> [Task instructions]: Copy out exactly the lines spanning the line with "Just because I&rsquo;m" to the line with "Agricultural Land for", inclusive, from the data underneath, with no pictures.

> [Extracted material]:
________________

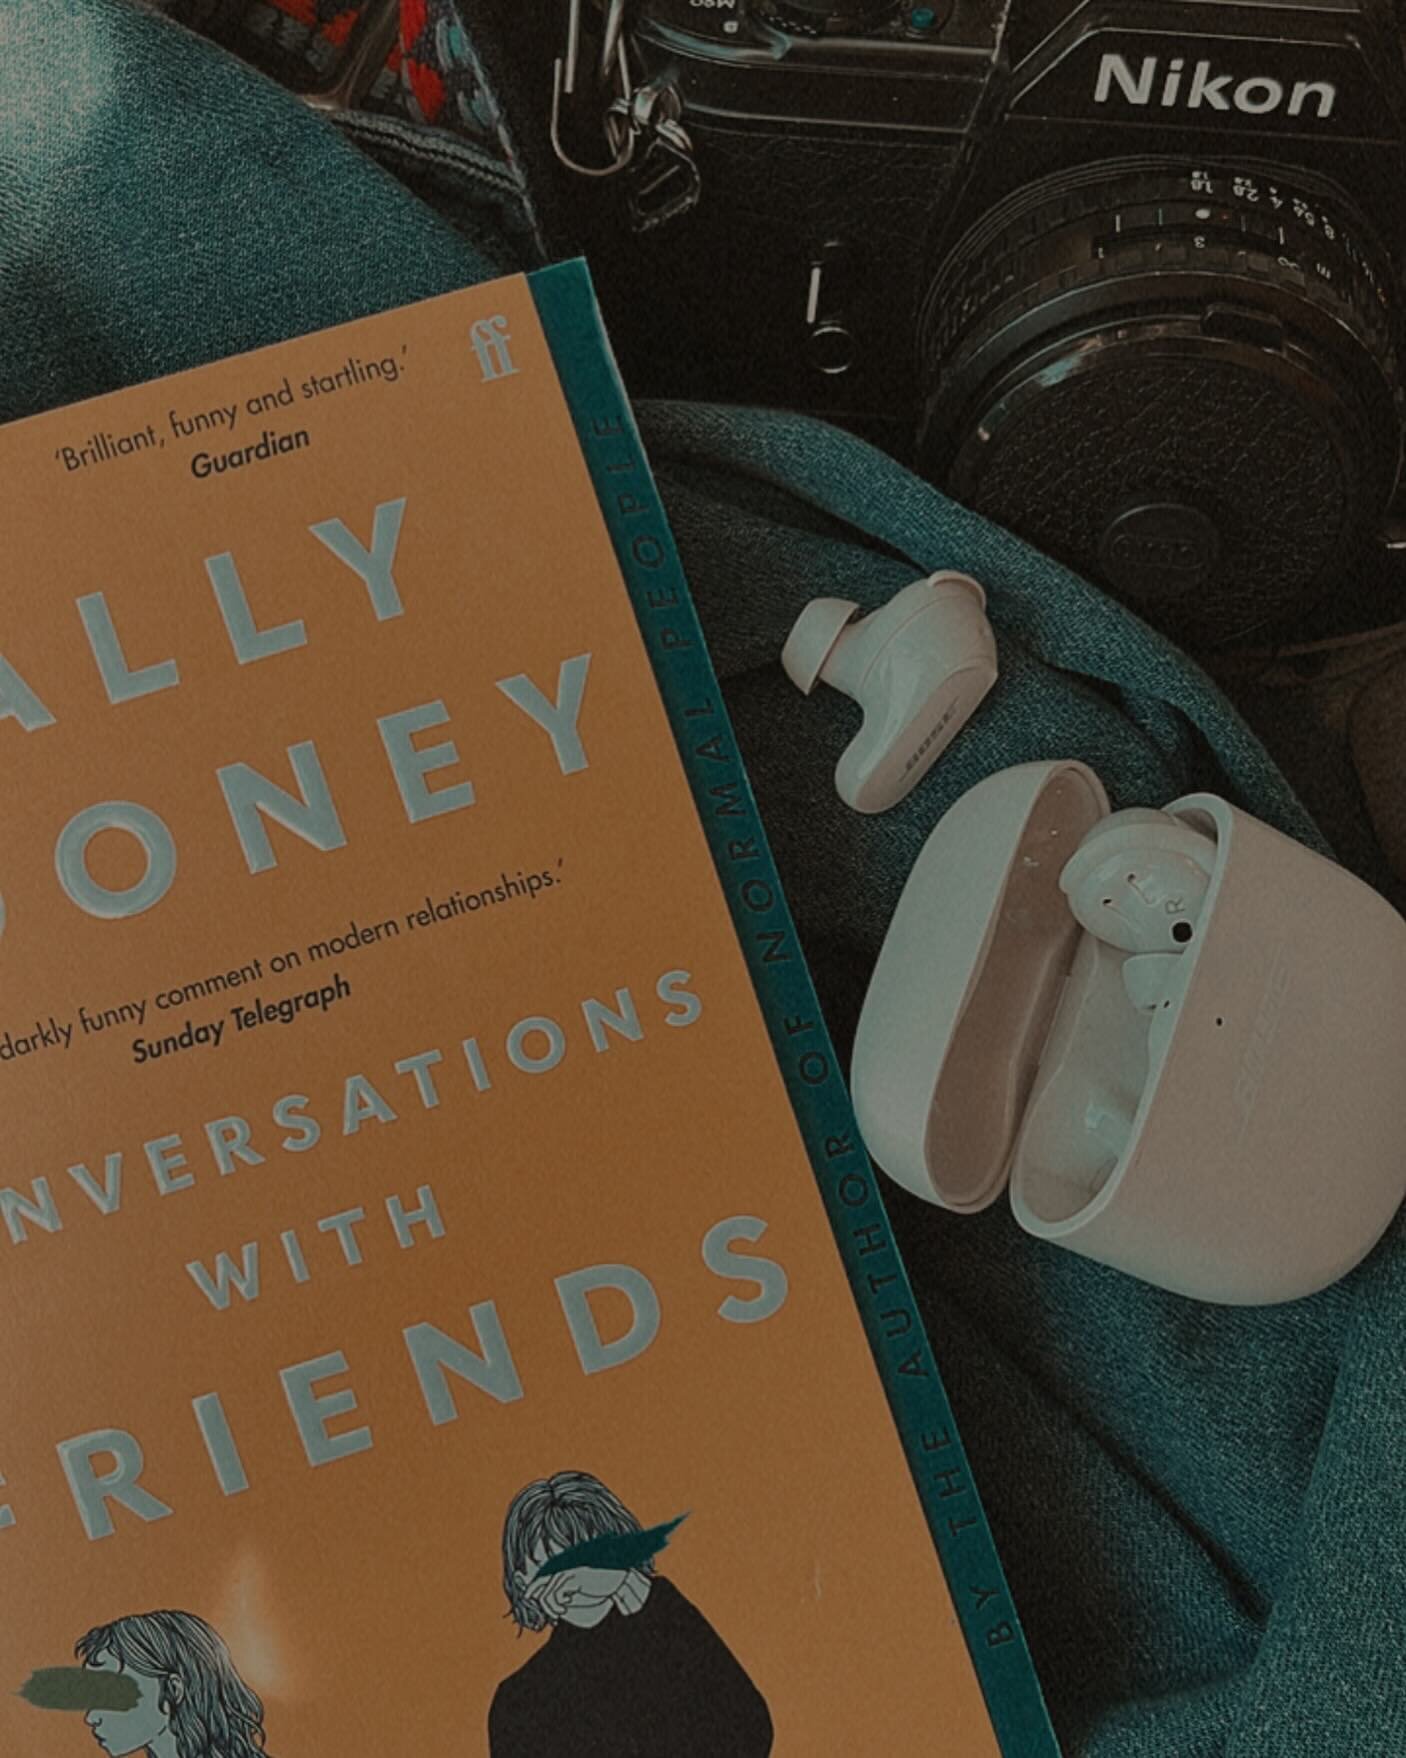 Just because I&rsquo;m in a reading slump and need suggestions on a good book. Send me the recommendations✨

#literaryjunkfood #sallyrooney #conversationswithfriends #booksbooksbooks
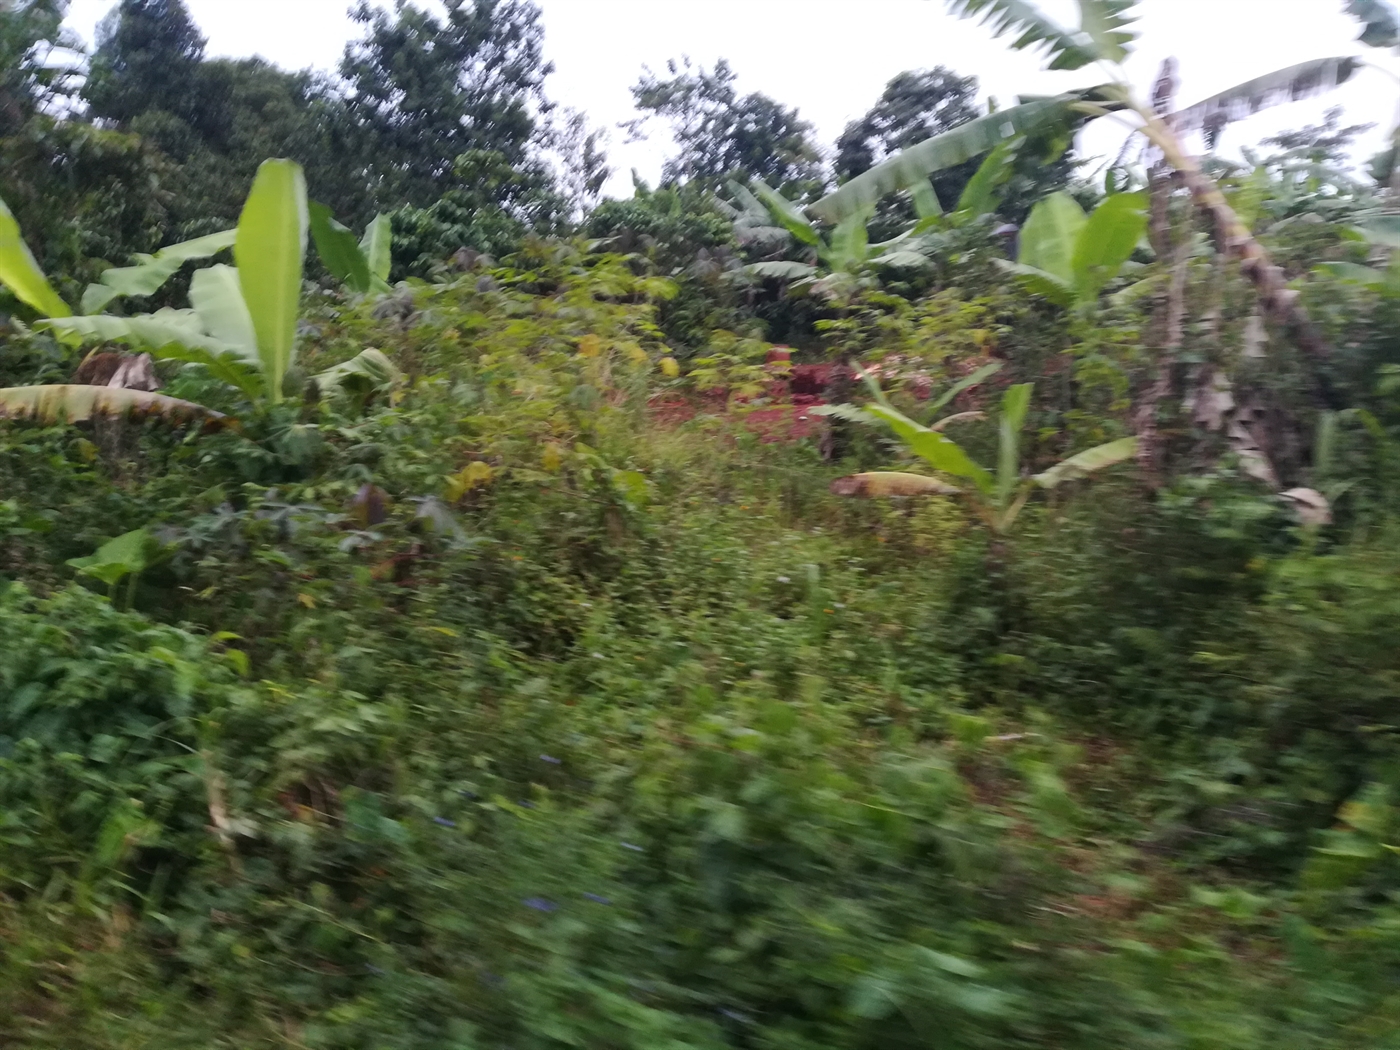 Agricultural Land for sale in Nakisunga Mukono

________________

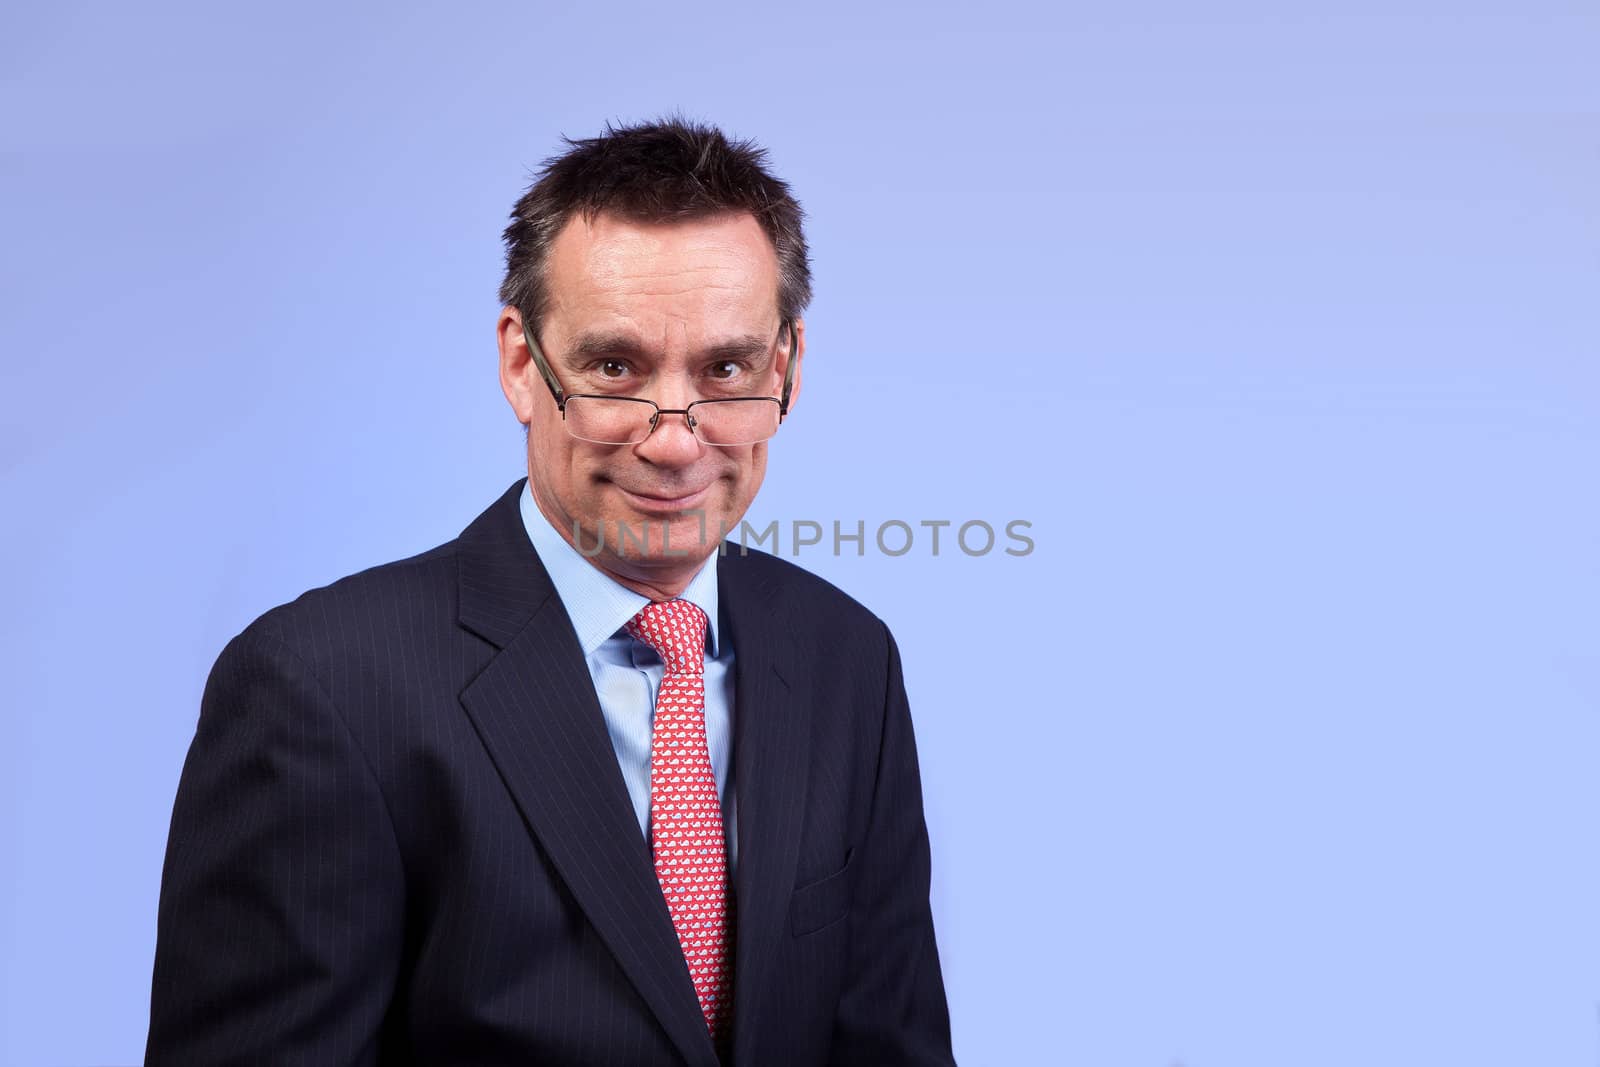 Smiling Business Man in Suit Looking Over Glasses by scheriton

________________

> [Exercise result]:
 Just because I&rsquo;m in a reading slump and need suggestions on a good book. Send me the recommendations✨

#literaryjunkfood #sallyrooney #conversationswithfriends #booksbooksbooks
 Agricultural Land for sale in Nakisunga Mukono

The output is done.